◆ **REQUIRED ACTION**: Leave the pictures out. Return all other data exactly.

◆ **AVAILABLE DATA**:

:::::

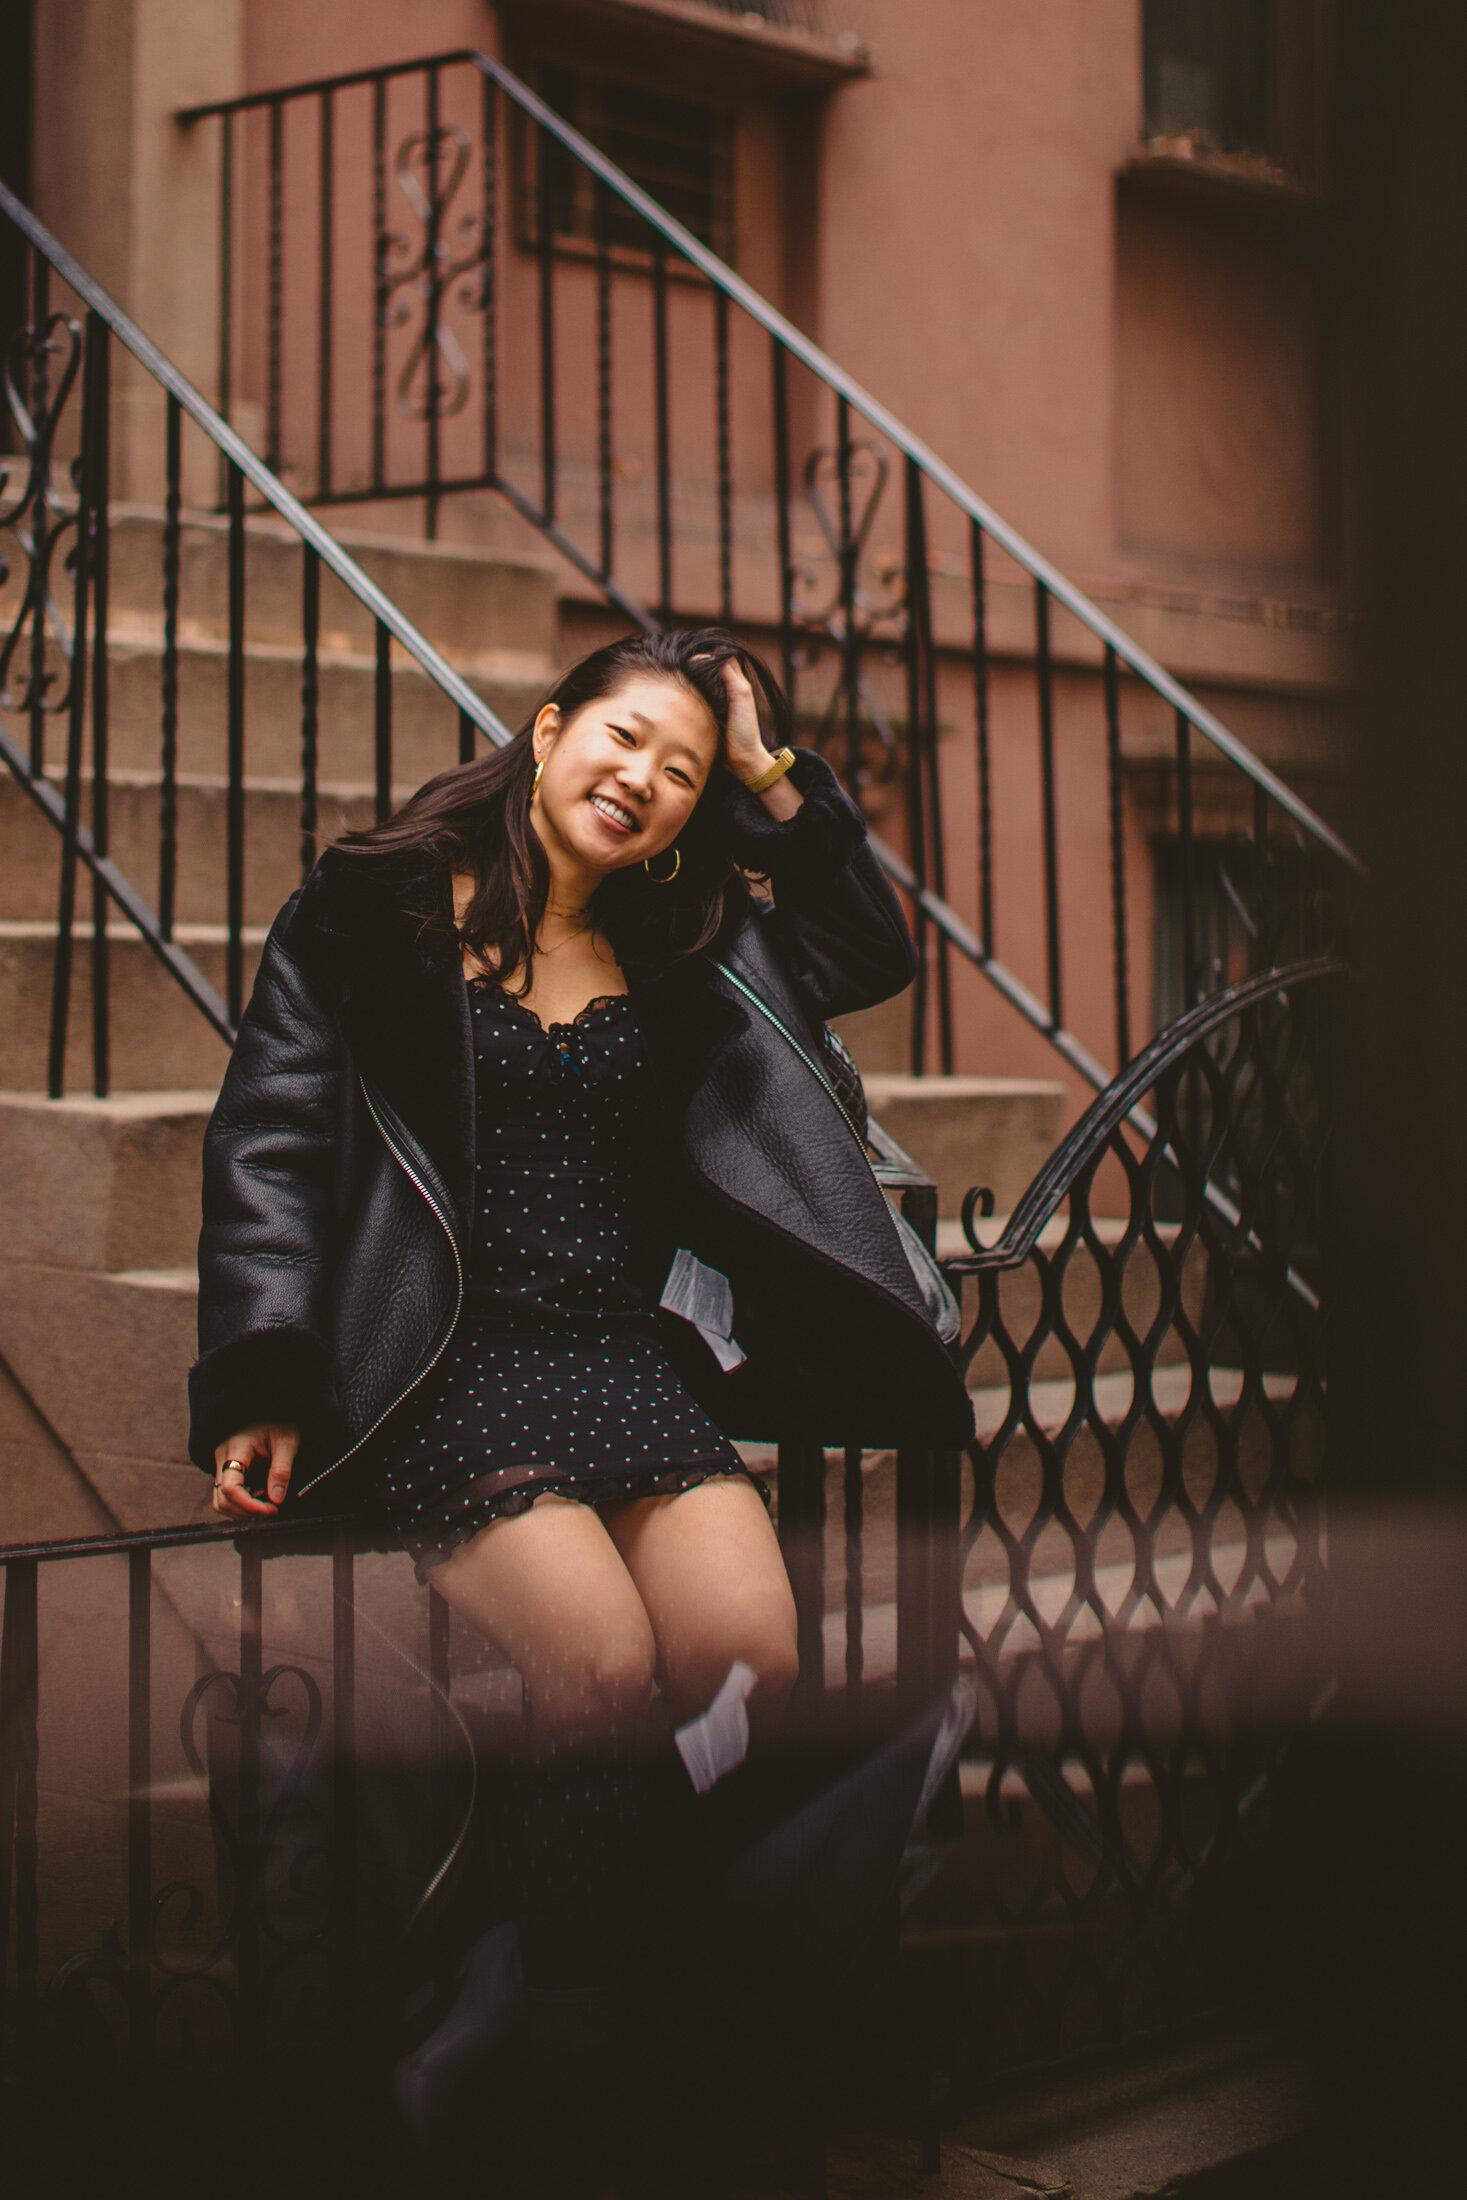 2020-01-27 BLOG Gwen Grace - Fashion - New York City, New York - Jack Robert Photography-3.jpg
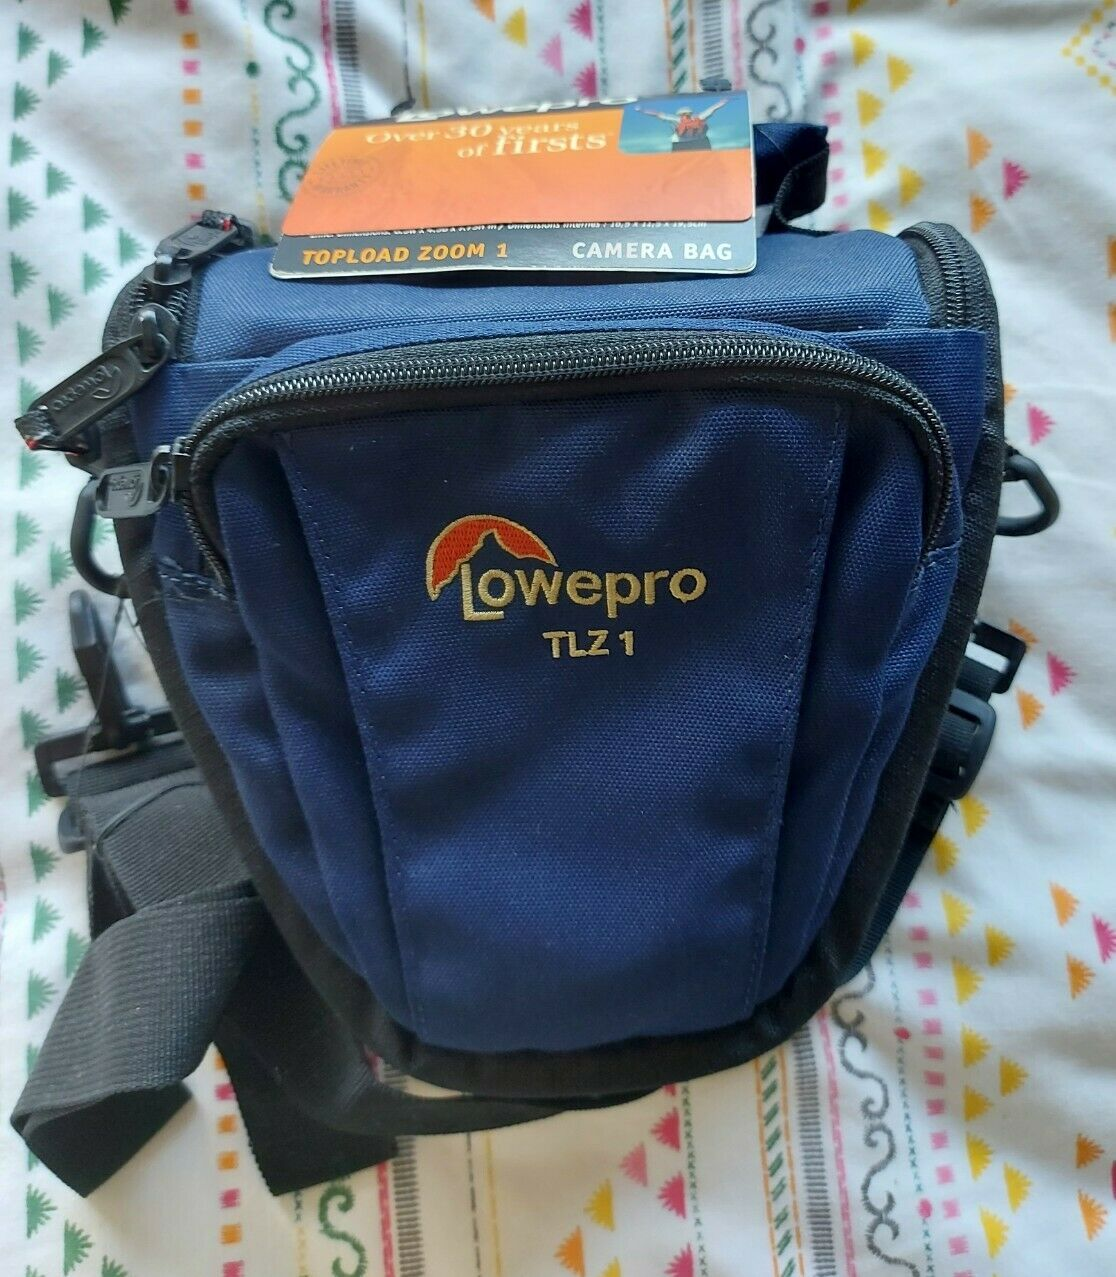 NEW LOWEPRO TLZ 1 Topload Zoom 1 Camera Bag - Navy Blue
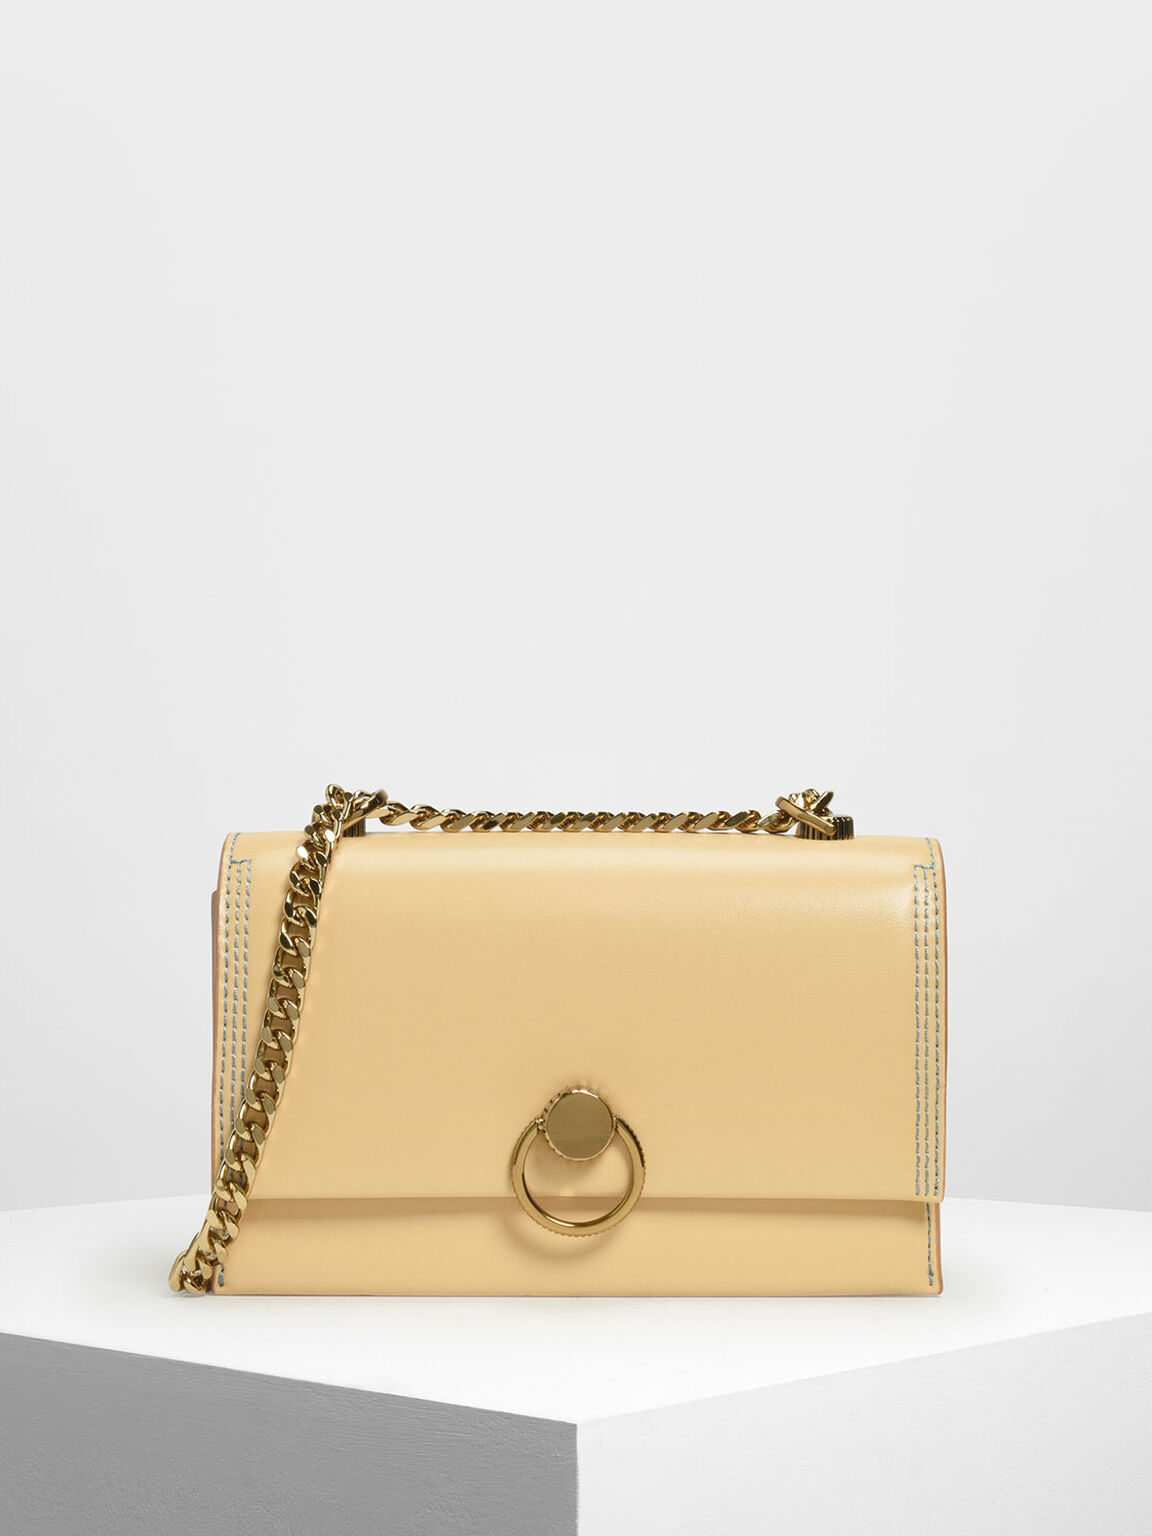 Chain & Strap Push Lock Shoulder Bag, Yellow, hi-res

:::::

◆ **RESPONSE TO THE TASK**:
 2020-01-27 BLOG Gwen Grace - Fashion - New York City, New York - Jack Robert Photography-3.jpg
 NEW LOWEPRO TLZ 1 Topload Zoom 1 Camera Bag - Navy Blue
 Chain & Strap Push Lock Shoulder Bag, Yellow, hi-res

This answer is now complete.